In that context, a clean separation — especially one grounded in phenotype rather than diagnosis — violates expectations and is reclassified as suspect. The irony is that these figures represent precisely what clinicians are trained to look for in practice: large, repeatable patterns that meaningfully change management and outcomes. Their retrospective nature does not undermine their validity as hypothesis-generating clinical epidemiology; rather, it renders them incompatible with a publication system optimised for incremental, institutionally sanctioned effects. 

This is why, despite repeated exhortations to “publish the data,” such work cannot easily pass through formal channels without being stripped of its most informative features. Still glad I did it, but from now on I’m sticking to the clinic…

Phenotype-First Clinical Reasoning as a Corrective?

P-hacking represents a structural vulnerability in modern psychiatric research, arising not from individual malfeasance but from the interaction of flexible methods, abstract constructs, and publication incentives. Its effects extend beyond false positives to shape theory, obscure robust clinical signals, and complicate the interpretation of genetic data. ADHD research illustrates how these dynamics can delay recognition of stable, clinically obvious patterns in favour of statistically convenient but conceptually diffuse models.

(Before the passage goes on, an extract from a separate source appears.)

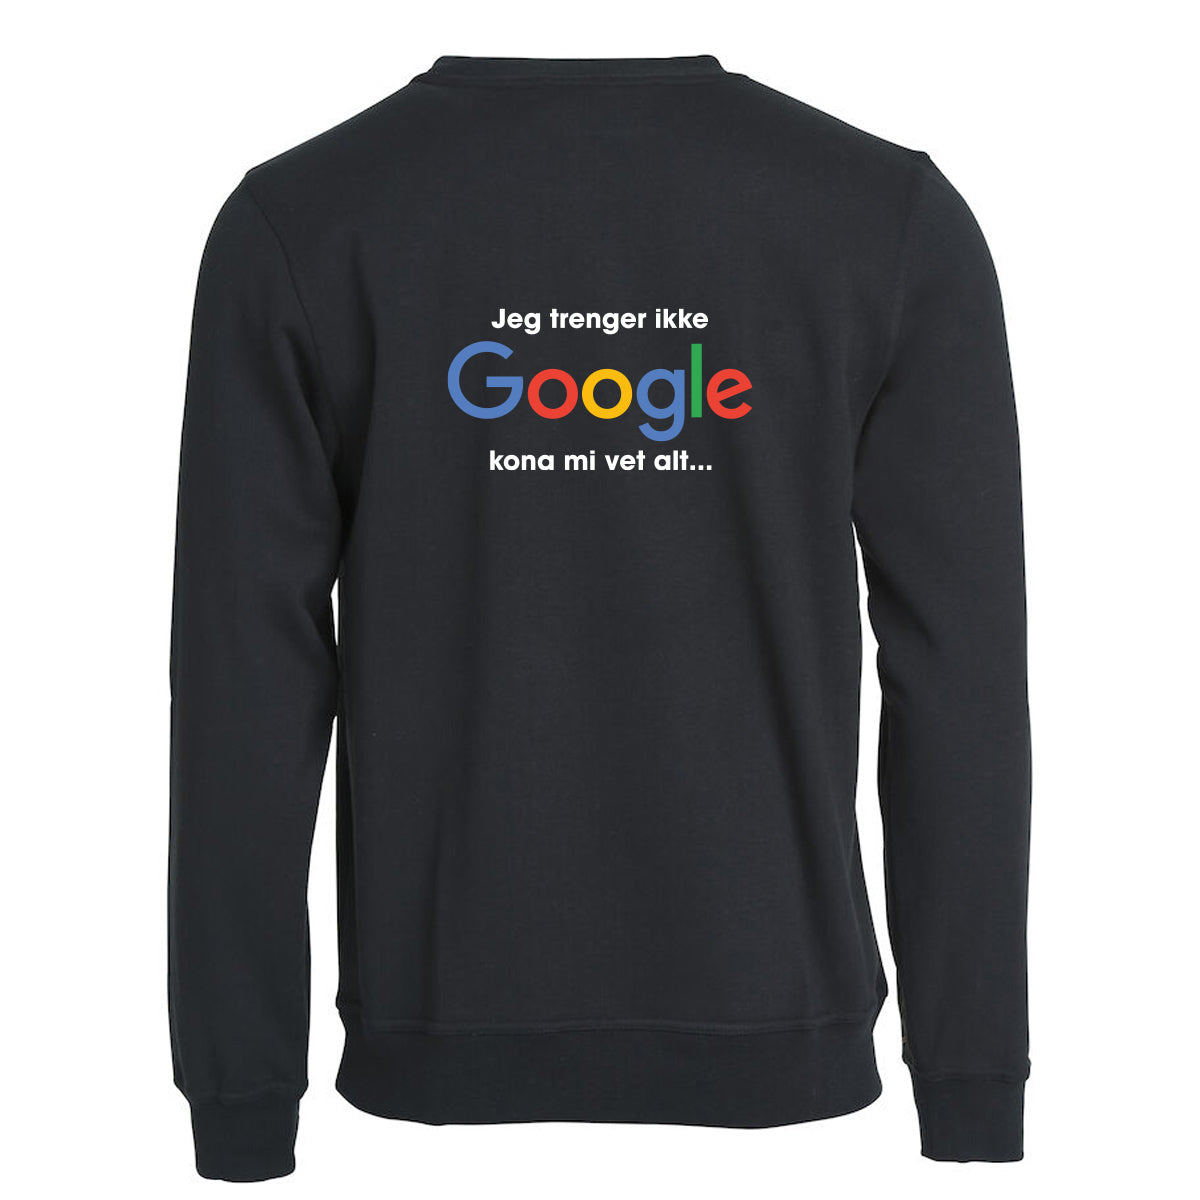 Trenger ikke Google - genser

Phenotype-first clinical reasoning offers a partial antidote to these distortions. Unlike post hoc statistical inference, clinical pattern recognition is anchored in repeatability, effect size, and cross-contextual consistency. When a treatment produces large, reliable functional changes across diverse individuals and settings — such as consistent improvements in language processing with stimulant medication — this constitutes a form of evidence that is robust to p-hacking, even if it is not initially captured by formal trials.

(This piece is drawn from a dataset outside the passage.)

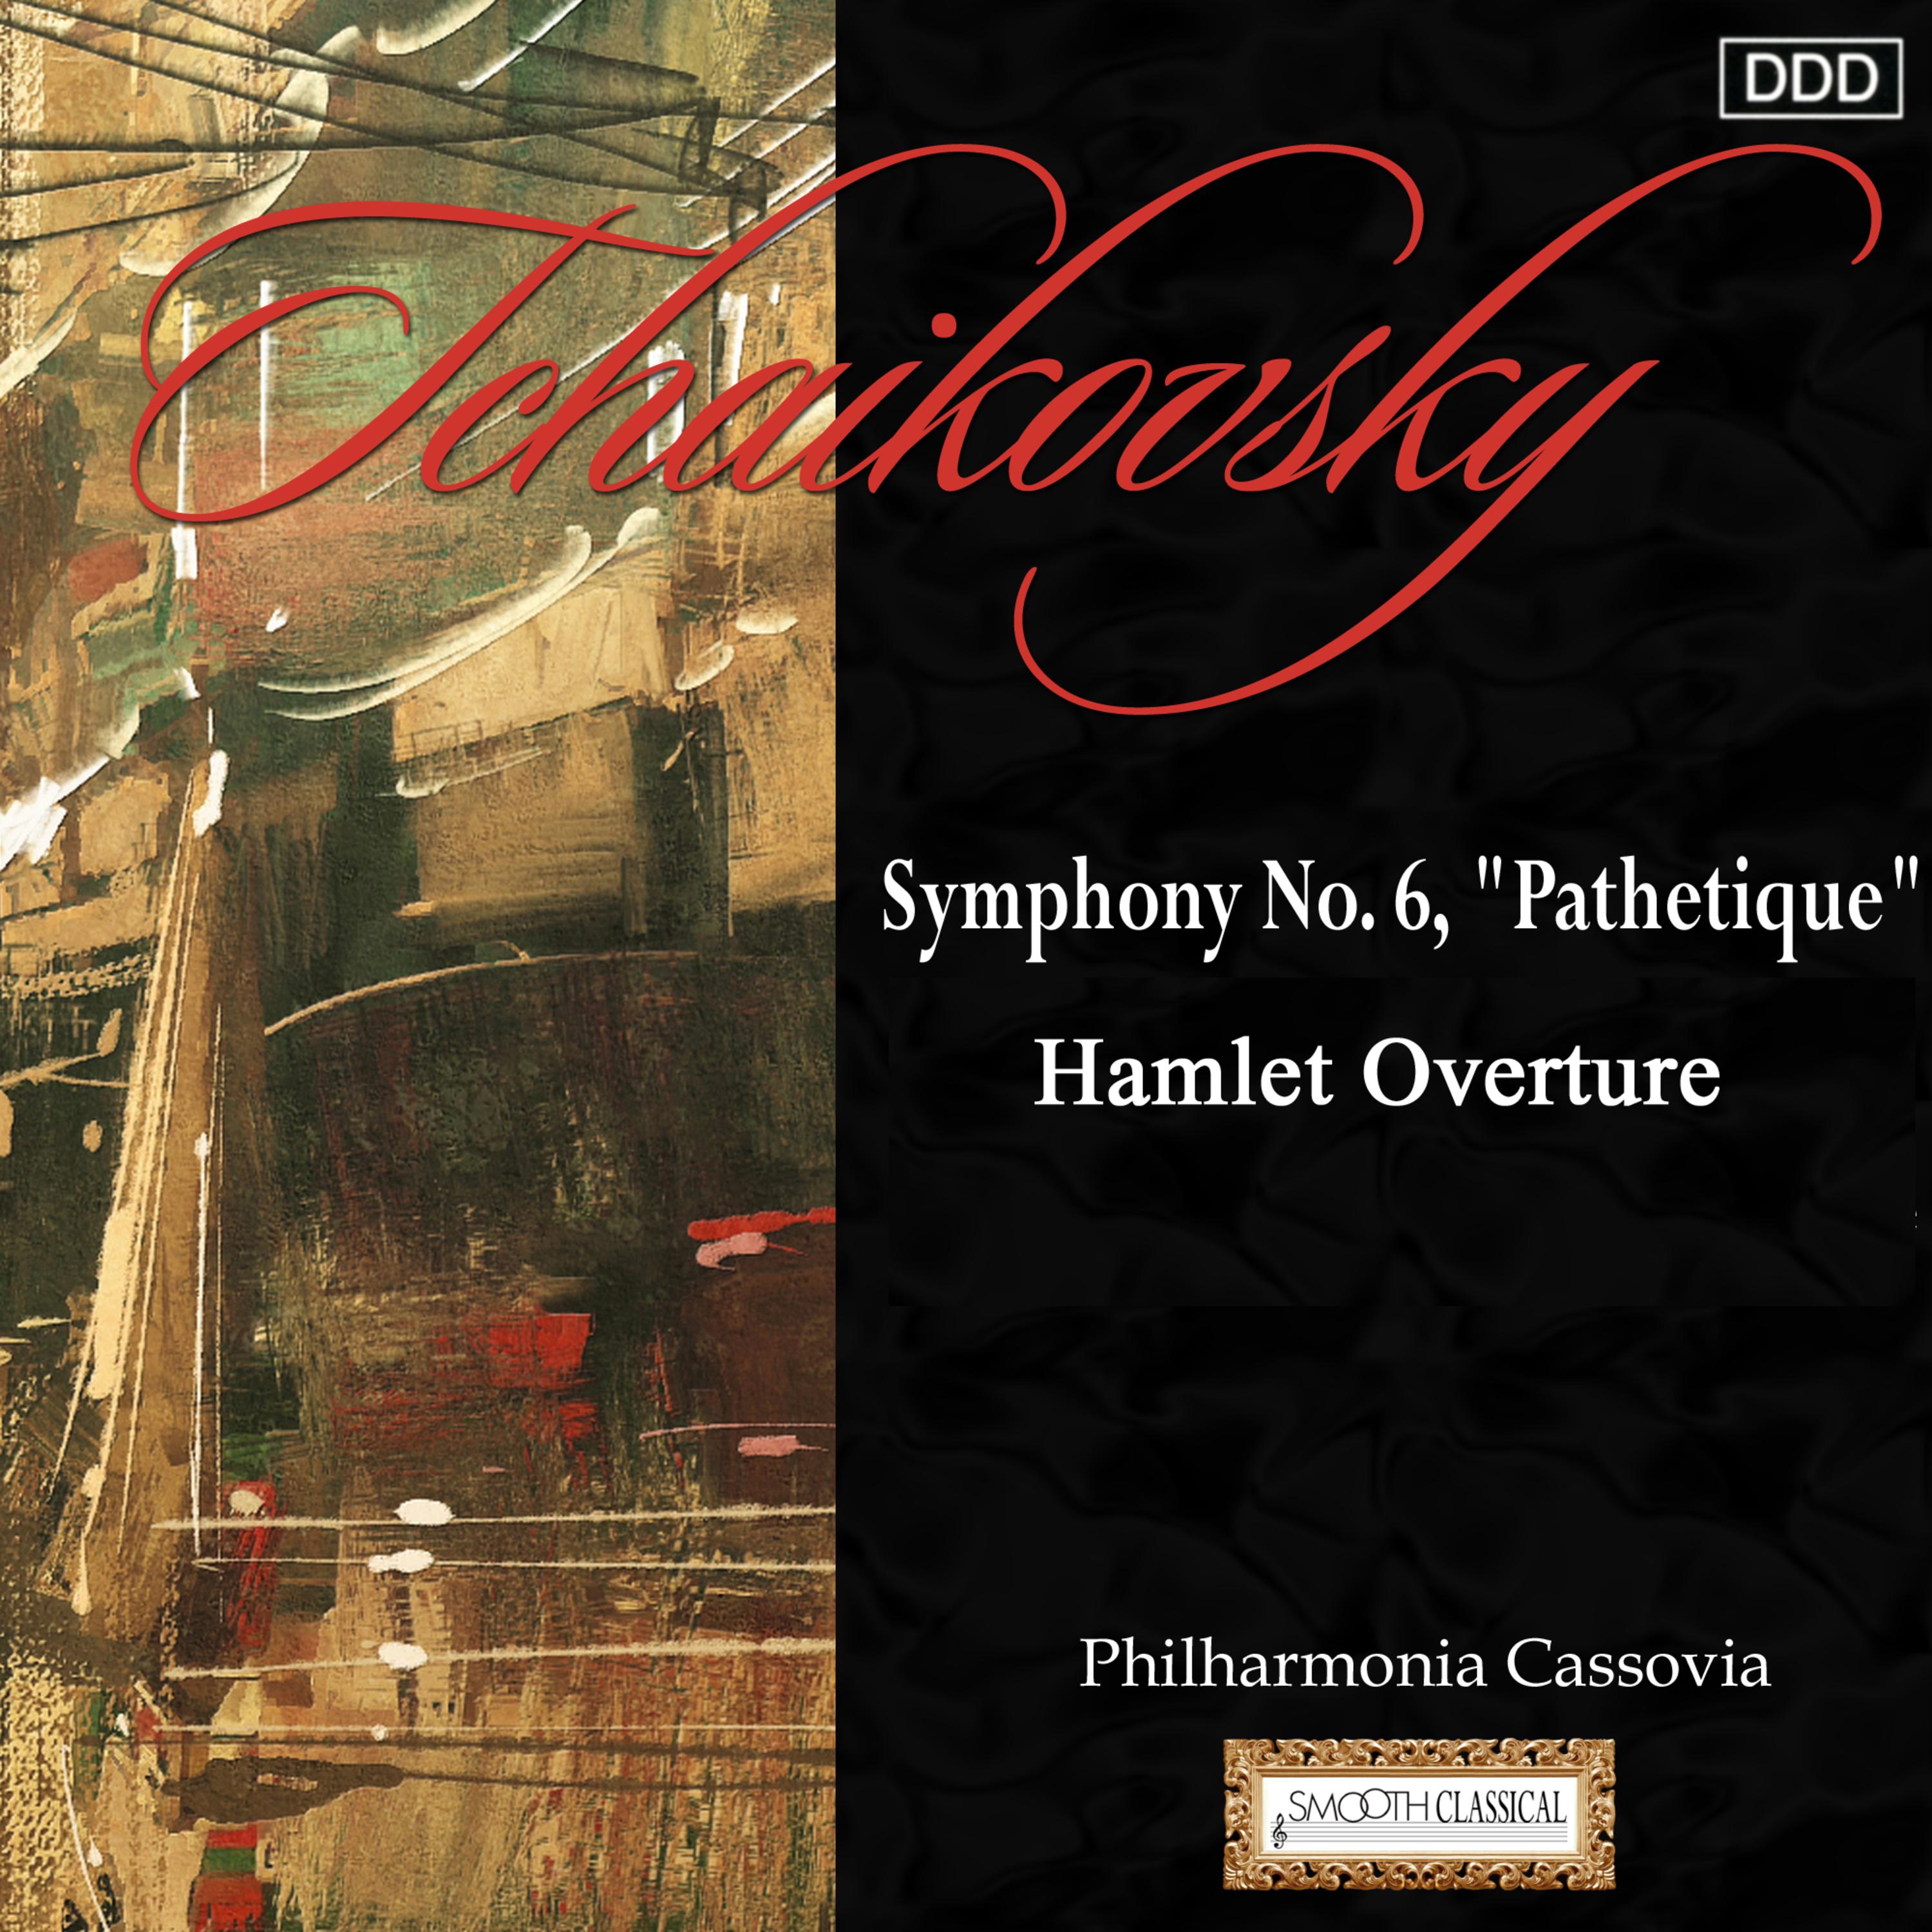 Tchaikovsky: Symphony No. 6 "Pathetique" - Hamlet Overture

This approach does not reject statistical methods but re-orders their role. Rather than allowing flexible analyses to generate theory, phenotype-first reasoning uses stable clinical patterns to constrain interpretation. Genetics and behavioural measures are then deployed directionally, to refine understanding within these constraints rather than to generate unconstrained narratives.

Caveat Lector

Or let the reader beware. Across domains where status, power, or prestige distort incentives, trustworthiness often correlates inversely with desire. We are wary of leaders who hunger for authority, players who prioritise winning over the game, and judges who seek applause rather than justice. Science is no exception.

When publication, citation, and novelty function as professional currency, the desire to publish ceases to be epistemically neutral. It bends questions, methods, and interpretations toward what is legible, fundable, and career-advancing rather than what is durable, replicable, or clinically useful. Under these conditions, scepticism toward unreplicated findings is not cynicism but rational hygiene. The most reliable signals may come instead from those least rewarded by the system: clinicians focused on outcomes rather than authorship, researchers willing to sit with uncertainty, and observers who withhold claims until they survive contact with reality.

This is why the publication ecosystem itself now requires reform, not moral exhortation. A two-tier system — explicitly distinguishing preliminary, unreplicated findings from those that have demonstrated reproducibility and real-world validity — would restore proportional trust without suppressing exploration. Until such alignment exists, a certain irony holds: it may indeed be easier for a camel to pass through the eye of a needle than for an academic system optimised for novelty and prestige to reliably produce clinically transformative, replicable knowledge. That is not an indictment of individual researchers, but of incentives that reward appearance over endurance. Where truth matters, wanting it less loudly may be the first step toward finding it.